First, I will train the classifier. To do that, I have to read the training data first:

In [2]:
dataset = read_ref_strings_data('../data/dataset/')
print('Dataset size: {}'.format(dataset.shape[0]))
dataset.head()

Dataset size: 85000


Unnamed: 0,doi,style,string
0,10.1016/s0002-9394(14)70125-4,acm-sig-proceedings,"[1]LEE, S.-H. and TSENG, S.C.G. 1997. Amniotic..."
1,10.1016/0920-9964(95)95073-i,acm-sig-proceedings,"[1]Scheffer, R. et al. 1995. History of premor..."
2,10.1075/cilt.97.22vek,acm-sig-proceedings,"[1]Vekerdi, J. 1993. 4. Word formation in Gips..."
3,10.1080/19761597.2013.810947,acm-sig-proceedings,"[1]Kang, J. et al. 2013. Determinants of succe..."
4,10.1016/0378-1119(79)90090-8,acm-sig-proceedings,"[1]Wickens, M.P. et al. 1979. Restriction map ..."

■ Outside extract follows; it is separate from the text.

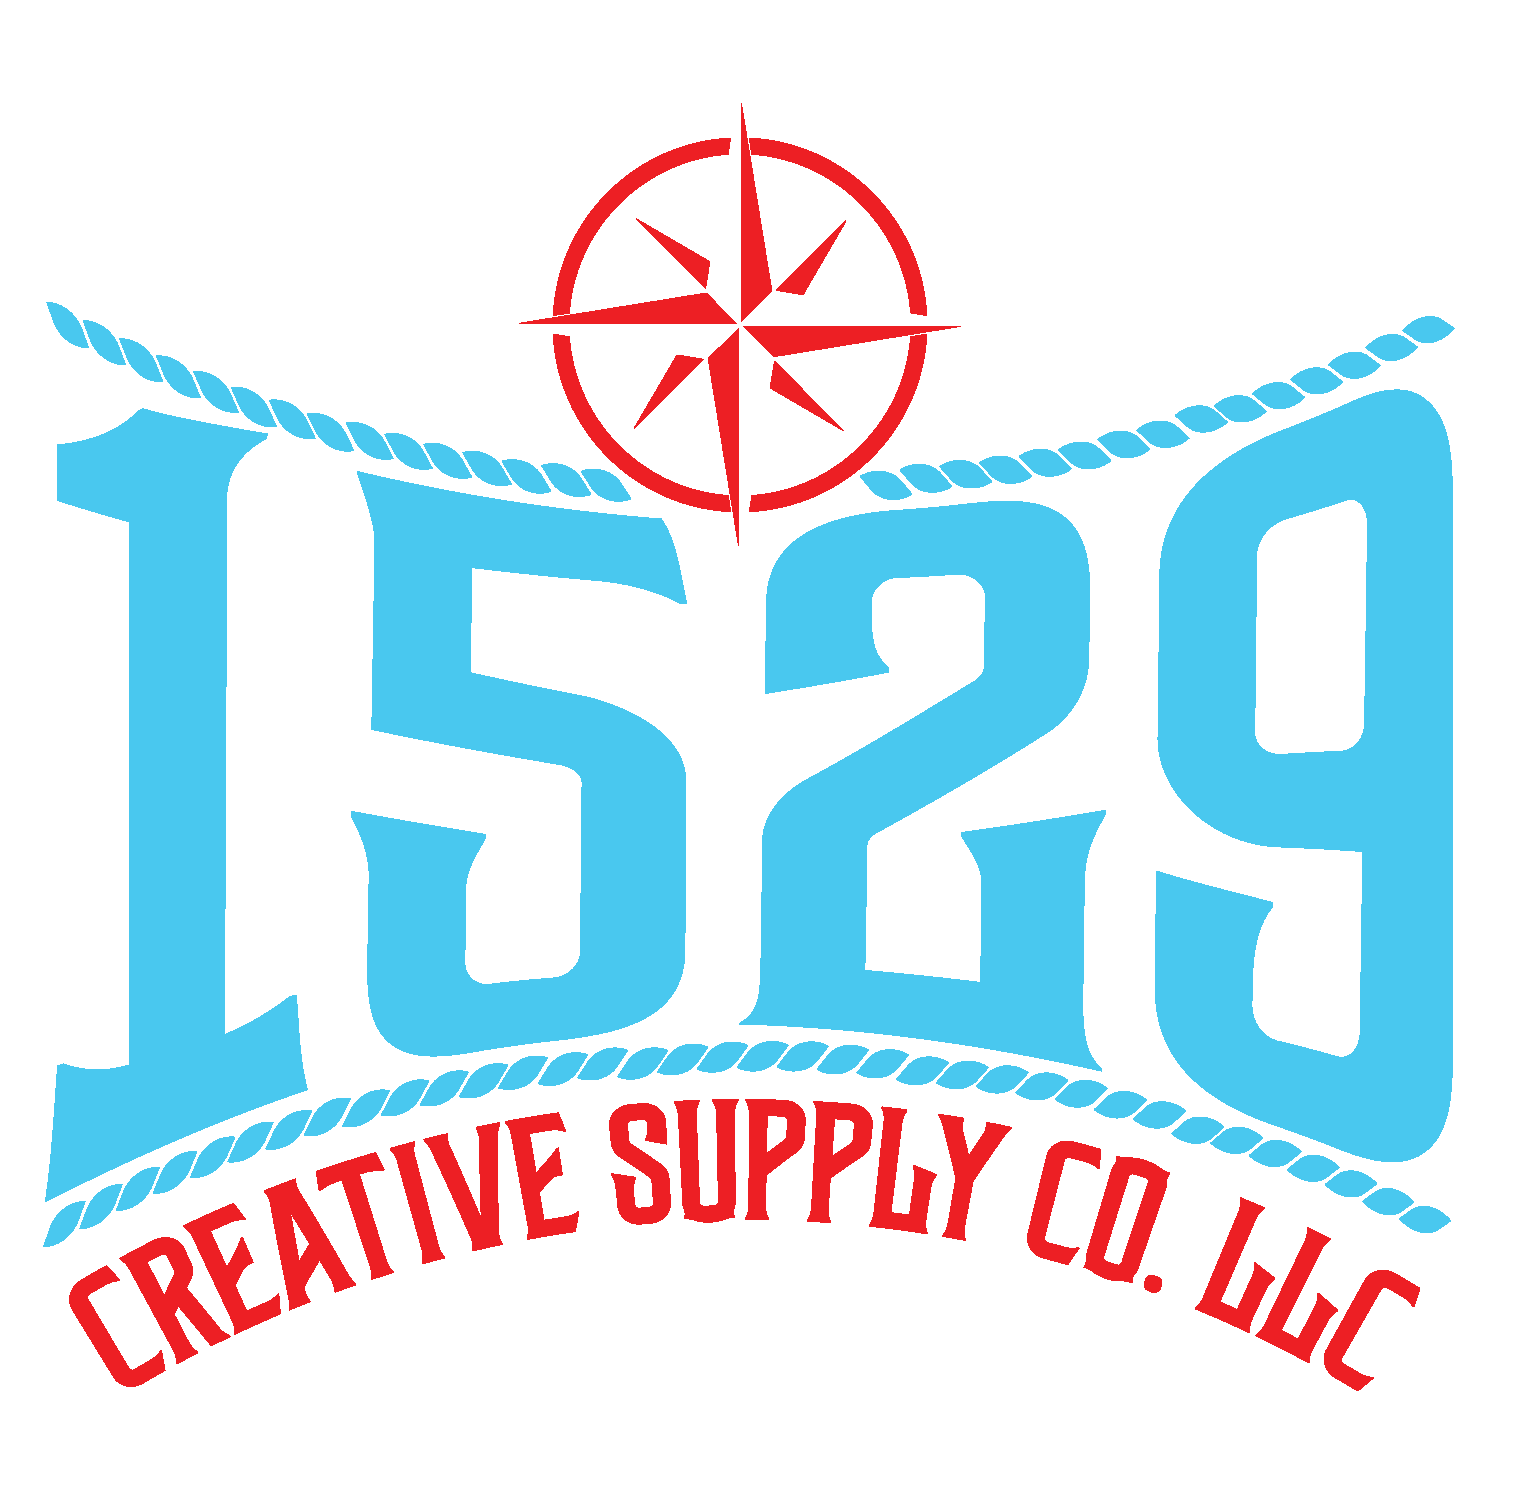 1529 Creative Supply Co Taking Over The World By Storm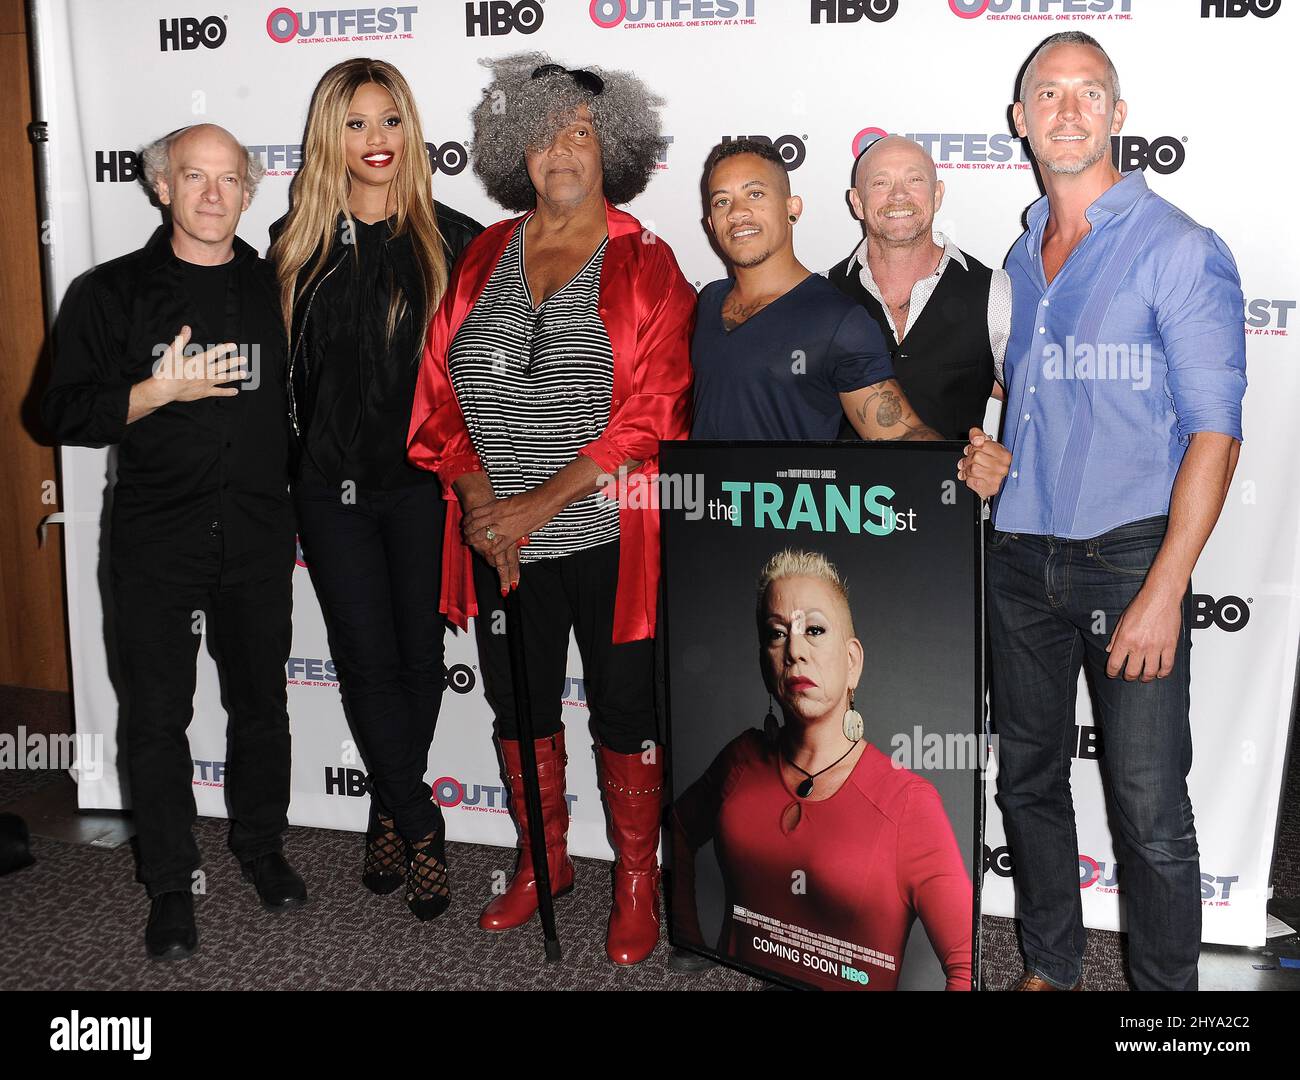 Laverne Cox, Buck Angel, Miss Major, Shane Ortega attending the 2016 Outfest Los Angeles LGBT Film Festival Screening of 'The Trans List' held at Directors Guild of America in Los Angeles, California. Stock Photo

Cleaning and preprocessing the data (more about this procedure can be found [here](https://github.com/CrossRef/citation-style-classifier/blob/master/analyses/citation_style_classification.ipynb)):

In [3]:
dataset = clean(dataset, random_state=0)
dataset_unknown = dataset_unknown = generate_unknown(dataset, 5000, random_state=0)
dataset = pd.concat([dataset, dataset_unknown])
print('Dataset size: {}'.format(dataset.shape[0]))

Dataset size: 87834


Training the classification model (more about the parameters and the training can be found [here](https://github.com/CrossRef/citation-style-classifier/blob/master/analyses/citation_style_classification.ipynb)):

In [4]:
count_vectorizer, tfidf_transformer, model = train(dataset, random_state=0)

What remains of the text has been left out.